Would you please transcribe the data in full and exactly, excluding images?

▸ **Provided material**
BEGIN

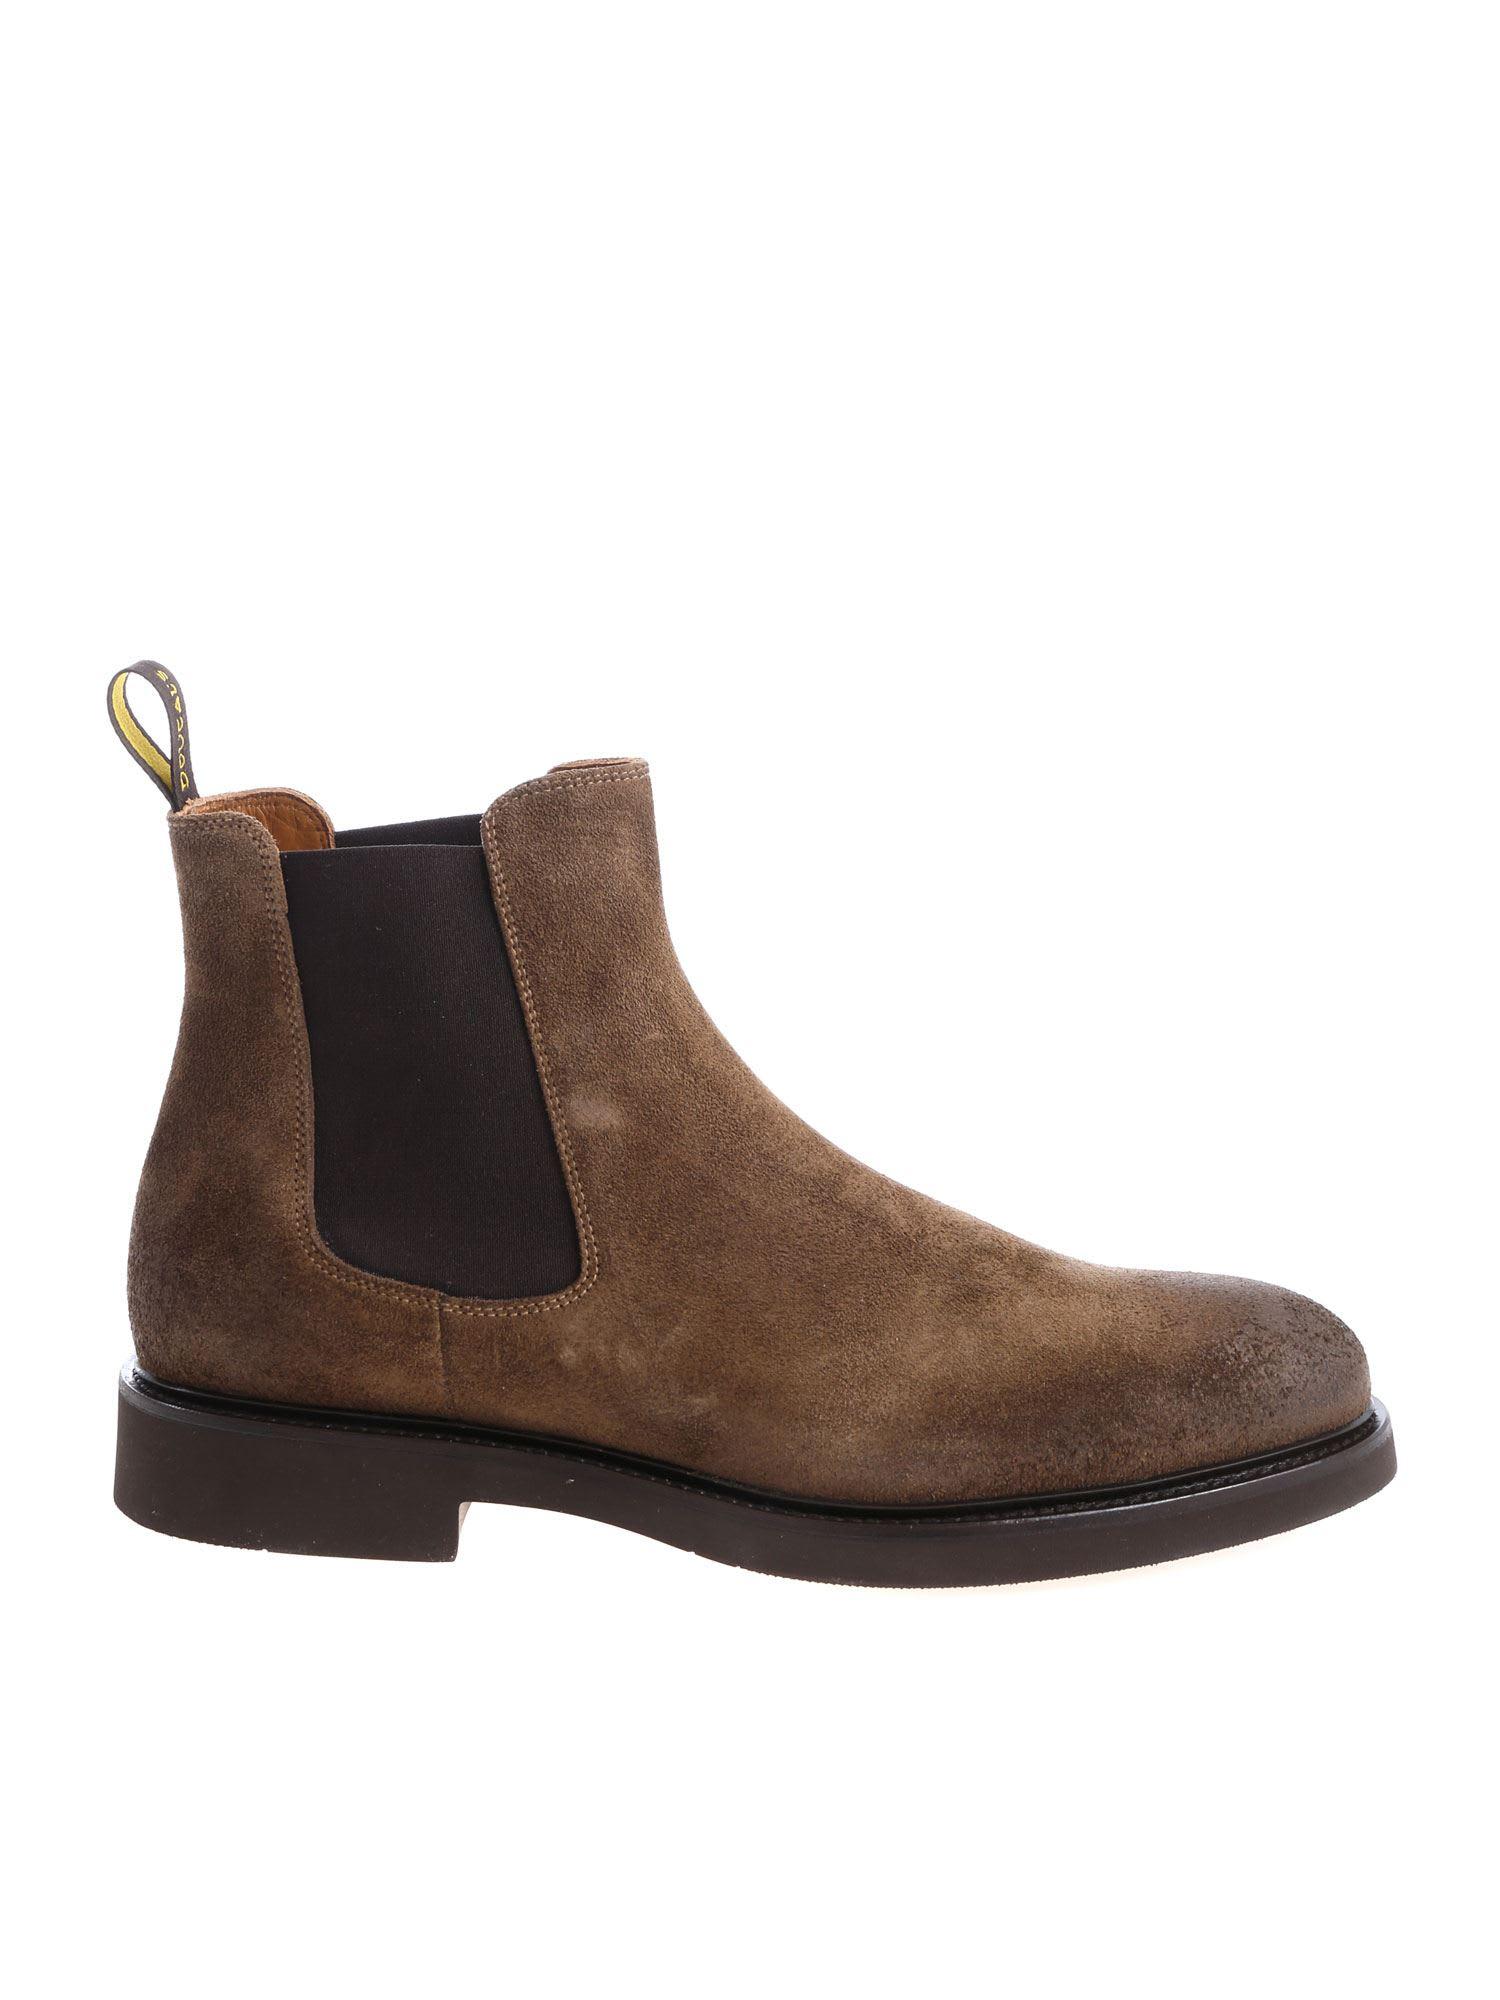 Doucals Vintage Suede Boots
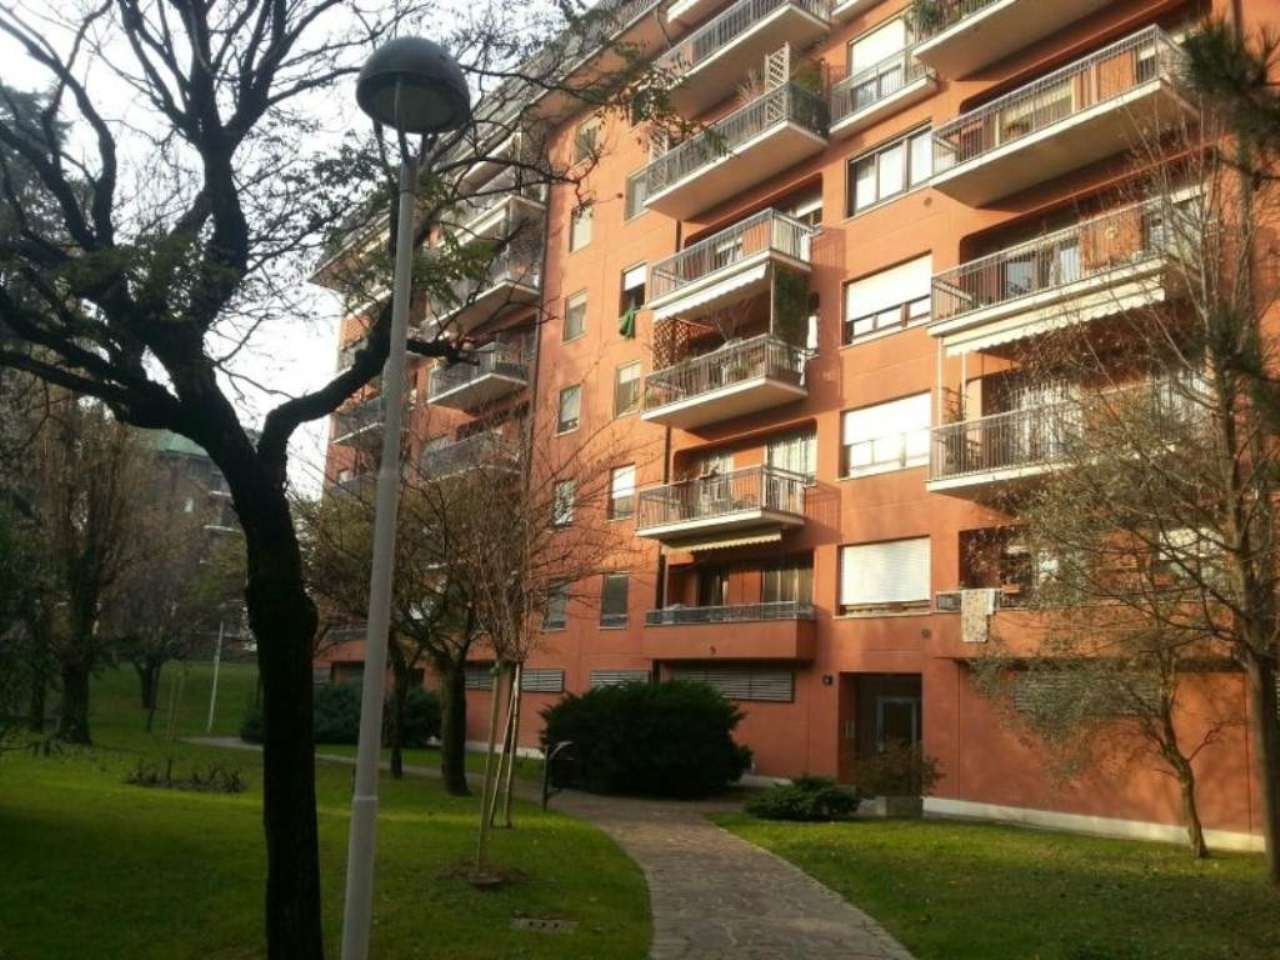 Bilocale Assago Via G. Matteotti 1
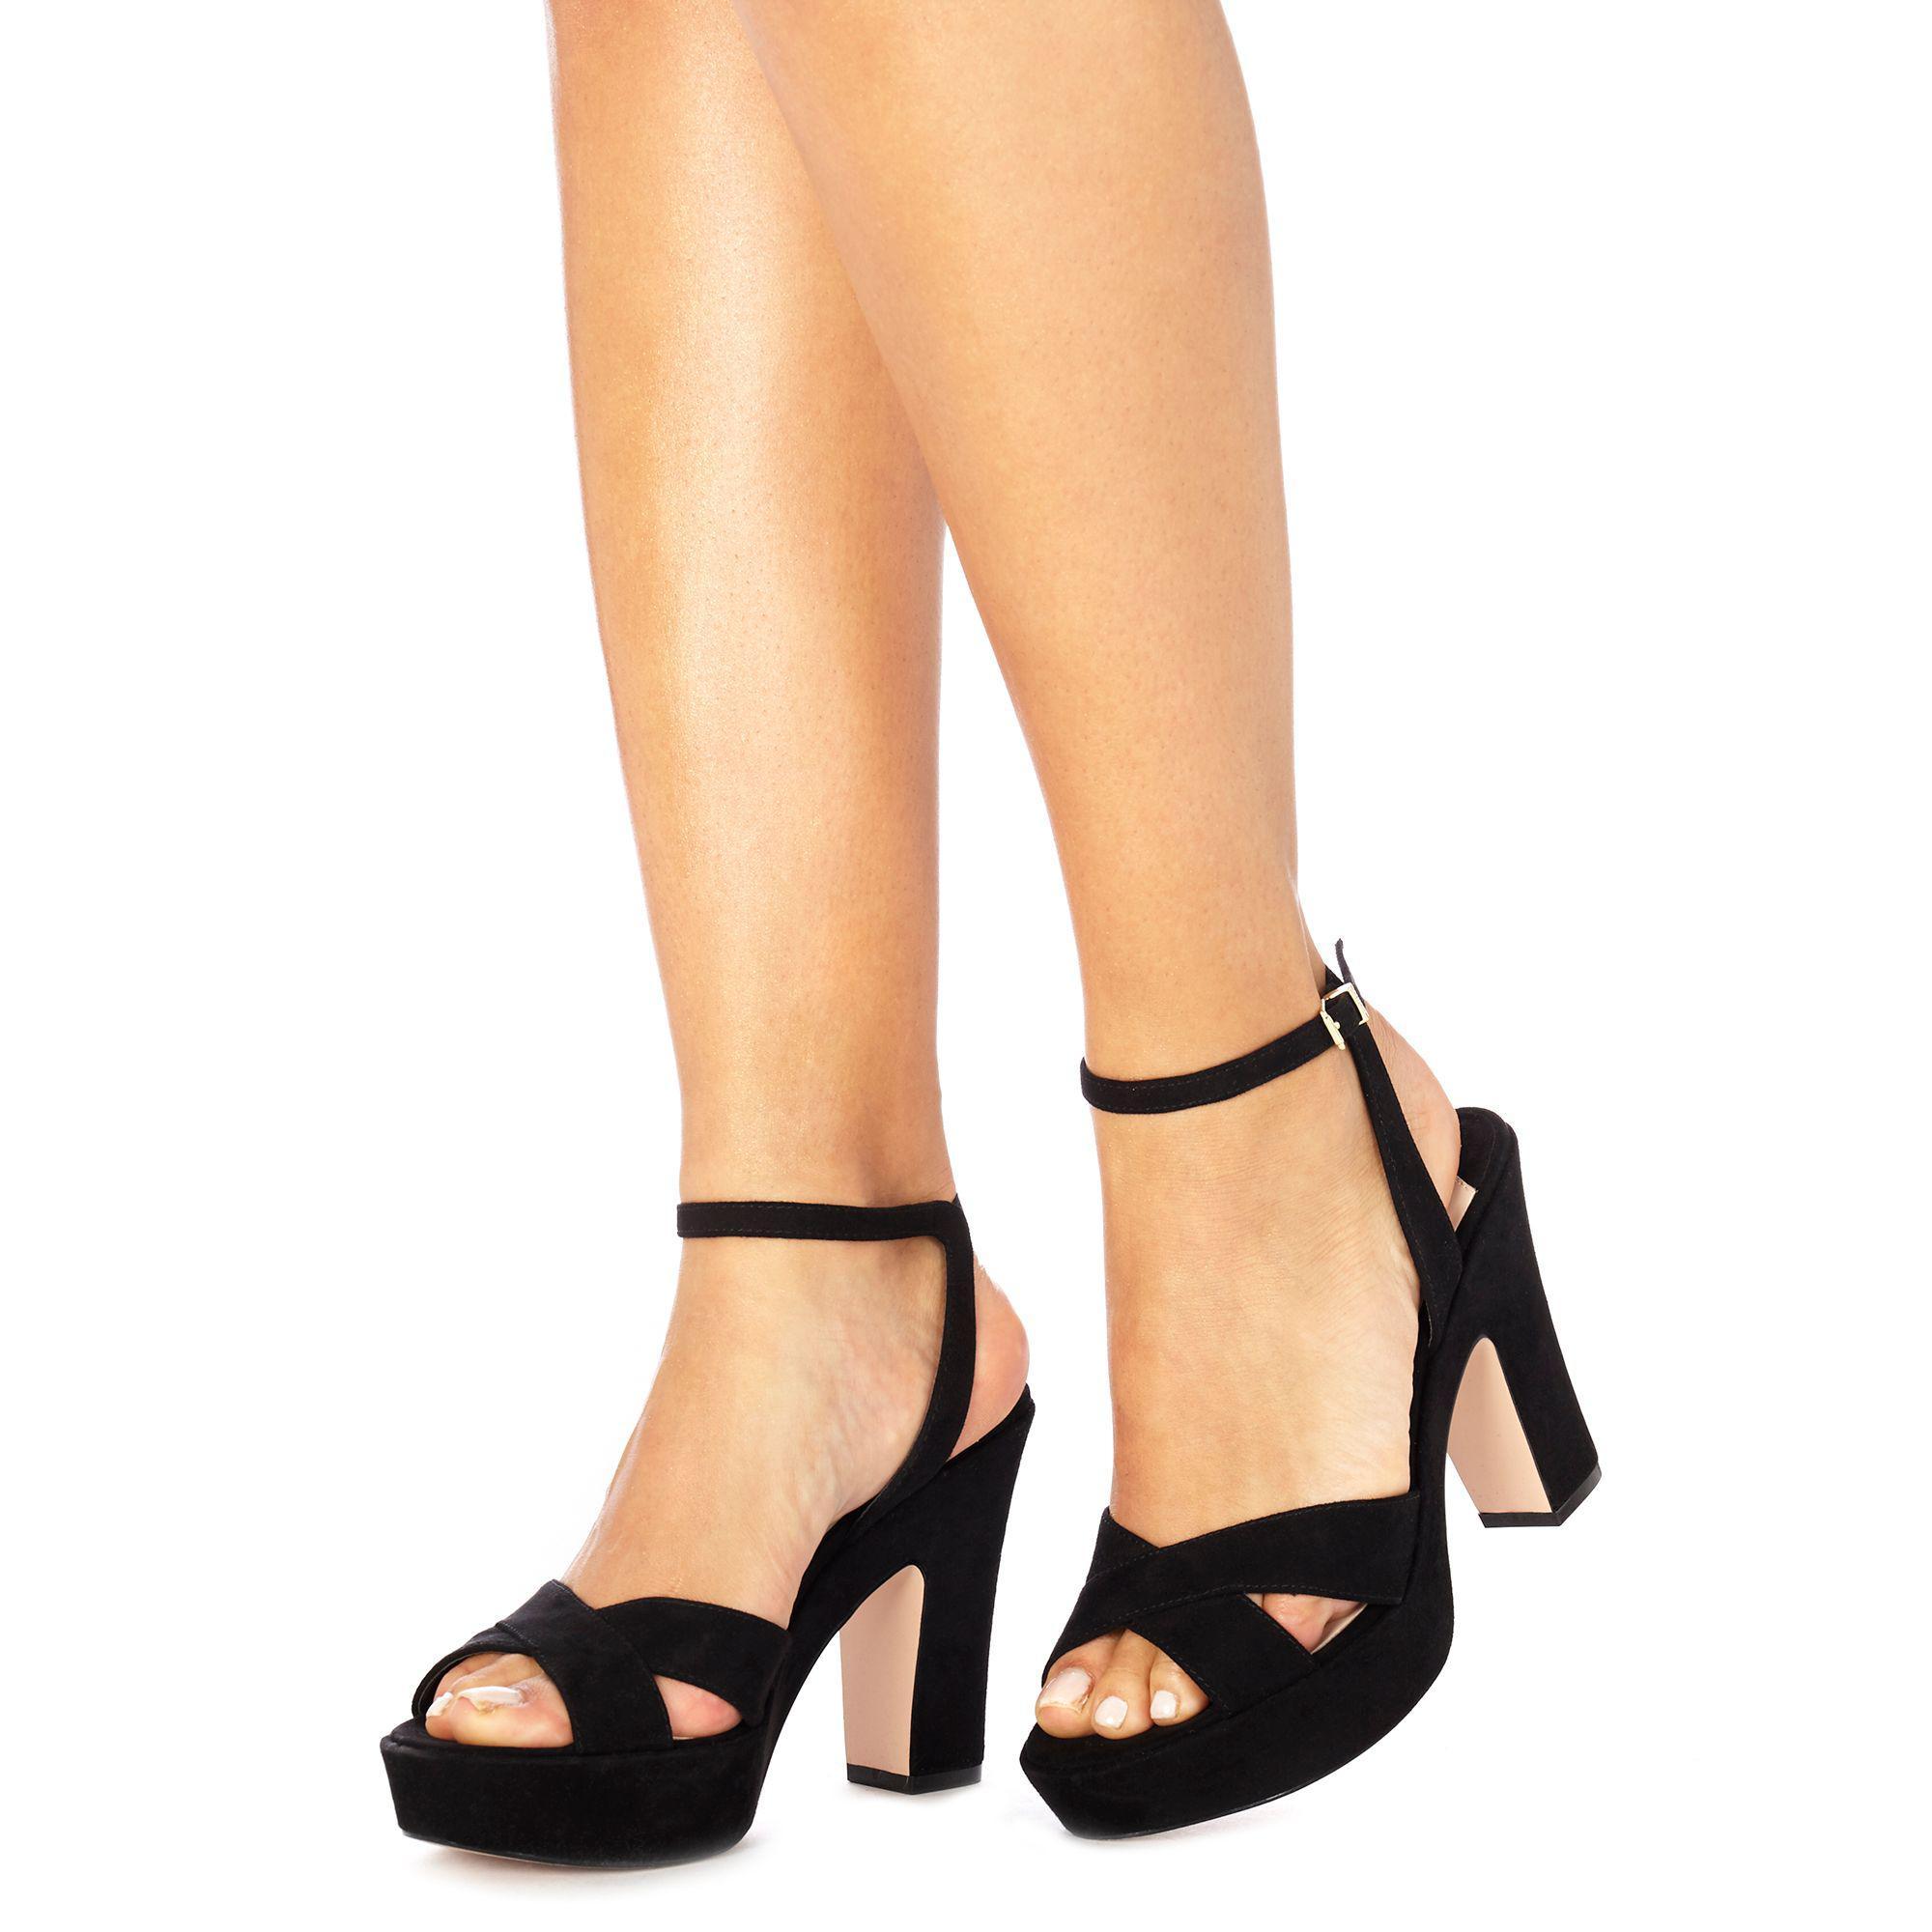 Faith DORM - High heeled sandals - black BM7kjJR

END

▸ **Expected output**
 Doucals Vintage Suede Boots
 Bilocale Assago Via G. Matteotti 1
 Faith DORM - High heeled sandals - black BM7kjJR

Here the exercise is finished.